My assumption was that there would be code changes, since every other accelerate tutorial showed that e.g.,

+ from accelerate import Accelerator
  from transformers import AdamW, AutoModelForSequenceClassification, get_scheduler

+ accelerator = Accelerator()

  model = AutoModelForSequenceClassification.from_pretrained(checkpoint, num_labels=2)
  optimizer = AdamW(model.parameters(), lr=3e-5)

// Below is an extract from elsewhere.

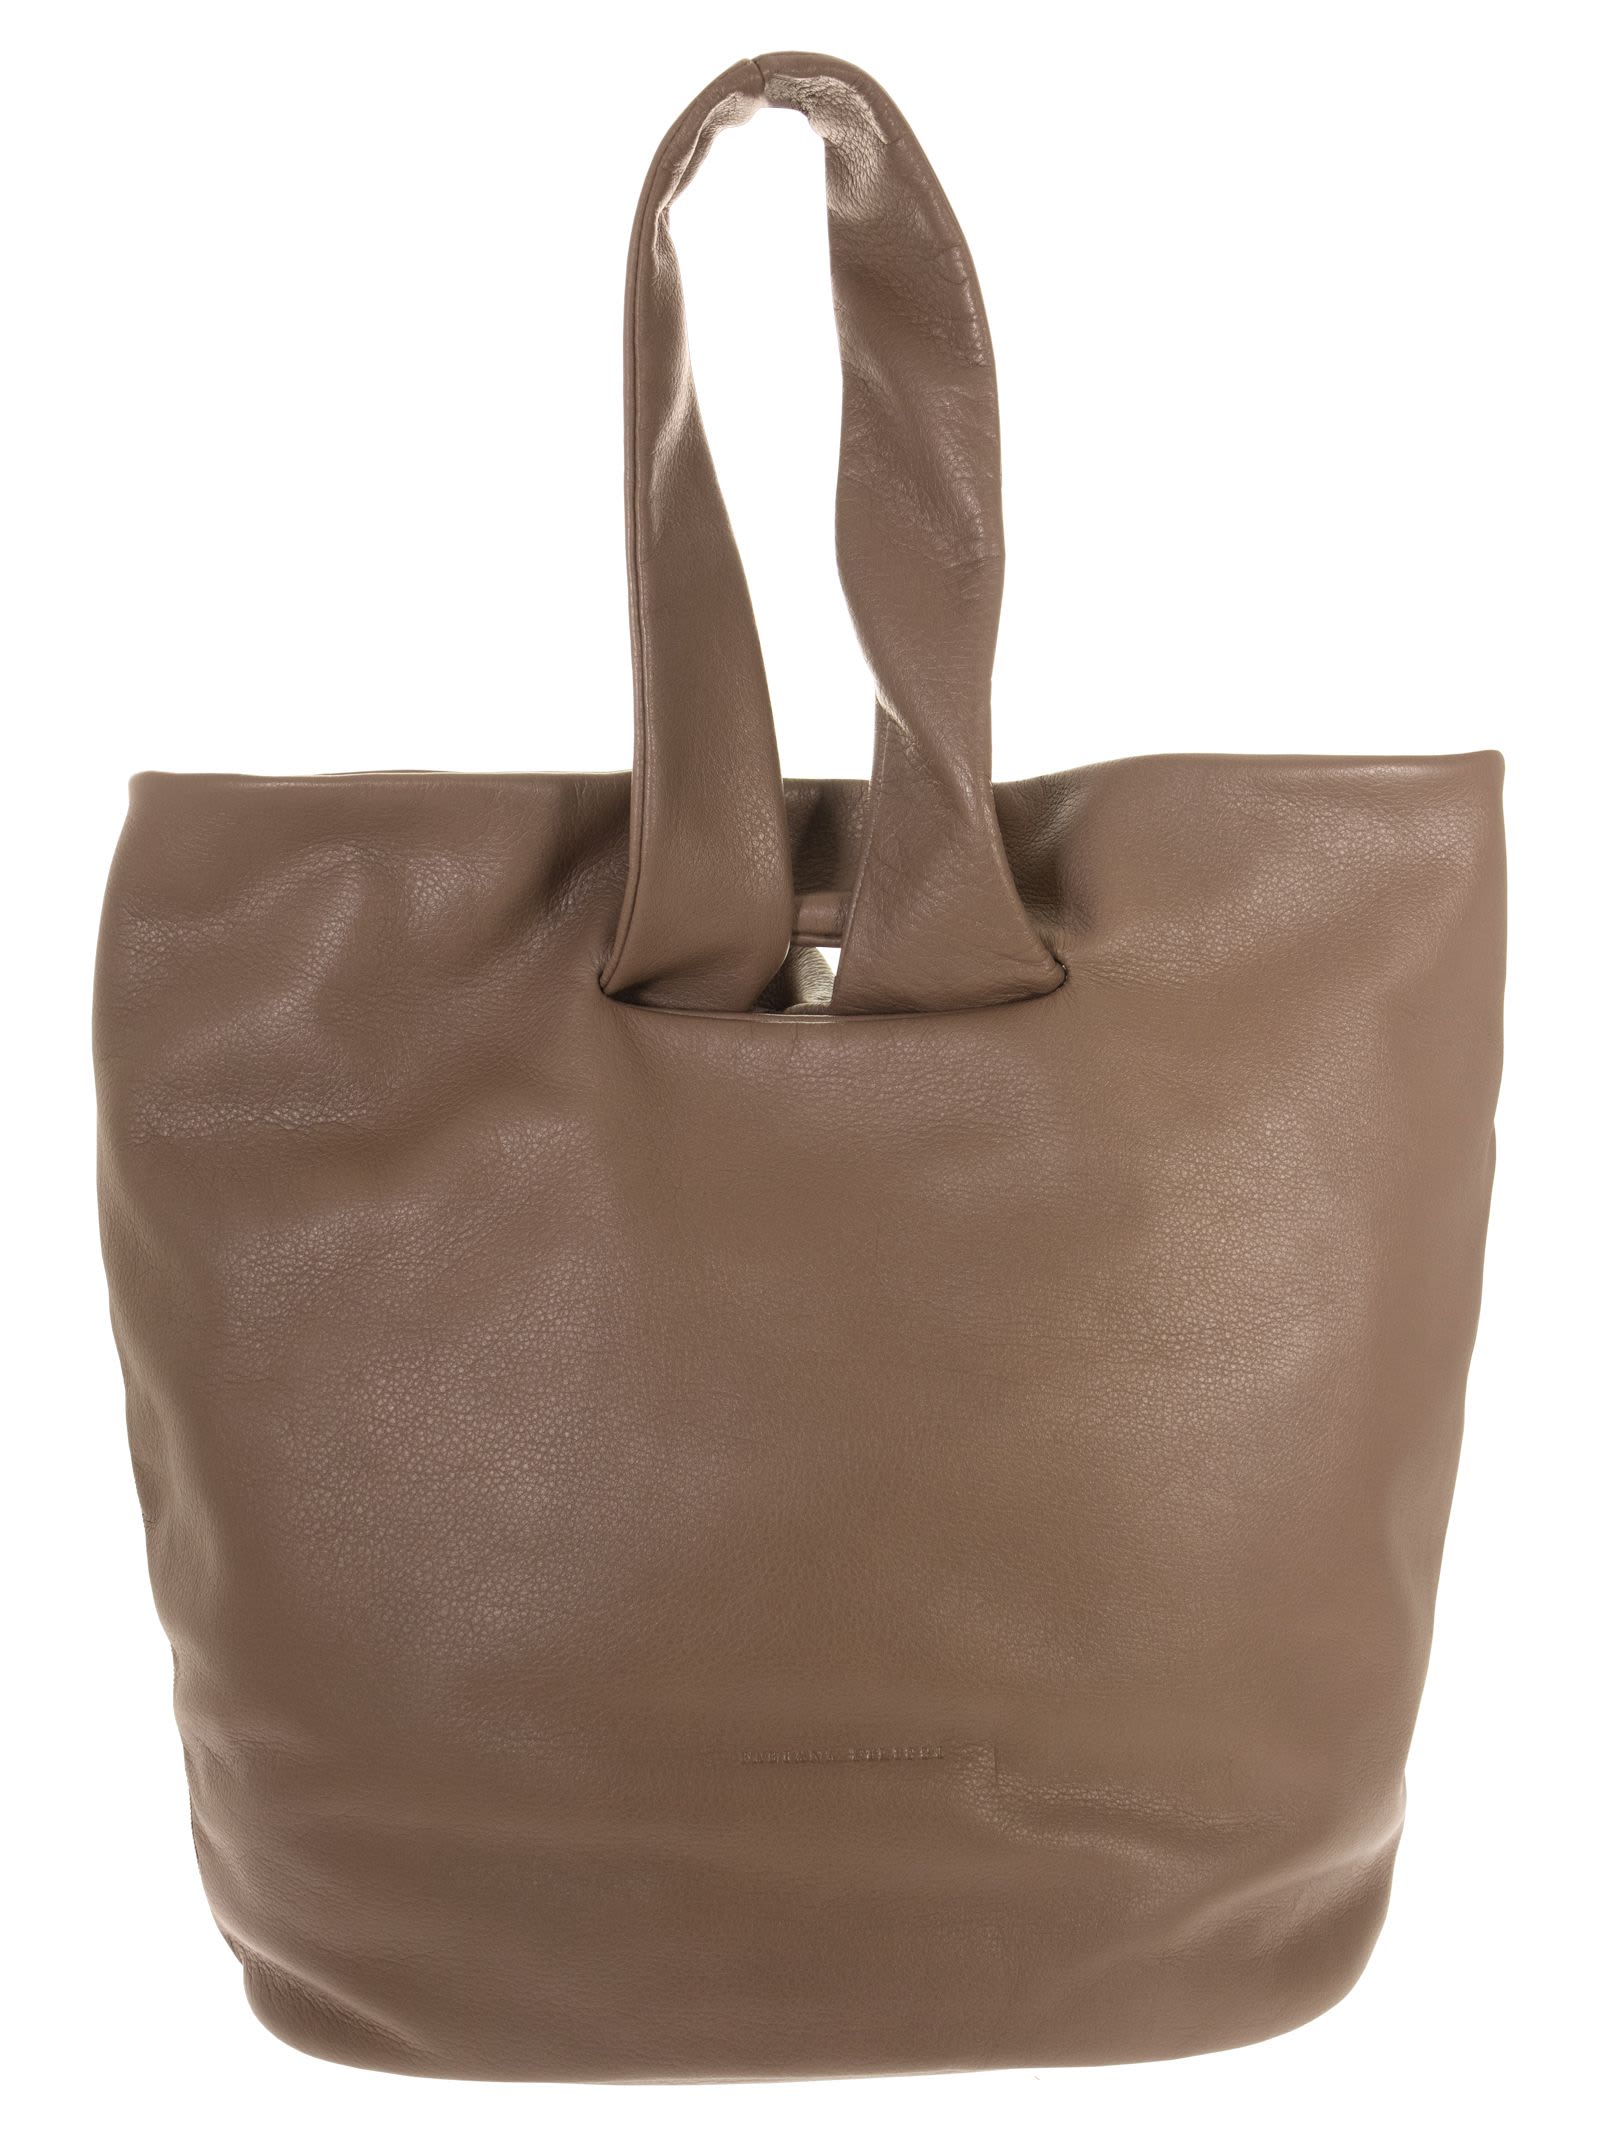 Fabiana Filippi Leather Shopping Bag

- device = torch.device("cuda") if torch.cuda.is_available() else torch.device("cpu")
- model.to(device)

+ train_dataloader, eval_dataloader, model, optimizer = accelerator.prepare(
+     train_dataloader, eval_dataloader, model, optimizer
+ )

  num_epochs = 3
  num_training_steps = num_epochs * len(train_dataloader)
  lr_scheduler = get_scheduler(
      "linear",
      optimizer=optimizer,
      num_warmup_steps=0,
      num_training_steps=num_training_steps
  )

  progress_bar = tqdm(range(num_training_steps))

  model.train()
  for epoch in range(num_epochs):
      for batch in train_dataloader:
-         batch = {k: v.to(device) for k, v in batch.items()}
          outputs = model(**batch)
          loss = outputs.loss
-         loss.backward()
+         accelerator.backward(loss)

          optimizer.step()
          lr_scheduler.step()
          optimizer.zero_grad()
          progress_bar.update(1)

but those code changes are already inside the Trainer. Their integration is so seamless it’s unclear, or perhaps it’s just not in the tutorials so one has to look at their trainer code e.g.,

if is_accelerate_available():
    from accelerate import __version__ as accelerate_version

    if version.parse(accelerate_version) >= version.parse("0.16"):
        from accelerate import skip_first_batches

    from accelerate import Accelerator
    from accelerate.uti

So just make an accelerate config and run it e.g.,

# -----> see this ref: https://huggingface.co/docs/accelerate/package_reference/cli#accelerate-config
# ref for fsdp to know how to change fsdp opts: https://huggingface.co/docs/accelerate/usage_guides/fsdp
# ref for accelerate to know how to change accelerate opts: https://huggingface.co/docs/accelerate/basic_tutorials/launch
# ref alpaca accelerate config: https://github.com/tatsu-lab/alpaca_farm/tree/main/examples/accelerate_configs

main_training_function: main  # <- change

deepspeed_config: { }
distributed_type: FSDP
downcast_bf16: 'no'
dynamo_backend: 'NO'
# seems alpaca was based on: https://huggingface.co/docs/accelerate/usage_guides/fsdp
fsdp_config:
  fsdp_auto_wrap_policy: TRANSFORMER_BASED_WRAP
  fsdp_backward_prefetch_policy: BACKWARD_PRE
  fsdp_offload_params: false
  fsdp_sharding_strategy: 1
  fsdp_state_dict_type: FULL_STATE_DICT
  #  fsdp_transformer_layer_cls_to_wrap: LlamaDecoderLayer  # <-change
  fsdp_transformer_layer_cls_to_wrap: FalconDecoderLayer  # <-change
#  fsdp_min_num_params:  7e9 # e.g., suggested heuristic: num_params / num_gpus = params/gpu, multiply by precision in bytes to know GBs used
gpu_ids: null
machine_rank: 0
main_process_ip: null
main_process_port: null
megatron_lm_config: { }
#mixed_precision: 'bf16'
#mixed_precision: 'no'
num_machines: 1
num_processes: 4
rdzv_backend: static
same_network: true
tpu_name: null
tpu_zone: null
use_cpu: false

Du5TyCh3N · July 15, 2023, 8:27pm

Hi can someone help me out?

I am working in Google Colab to learn how to finetune a ViT model, following this tutorial Vision Transformers (ViT) Explained + Fine-tuning in Python - YouTube.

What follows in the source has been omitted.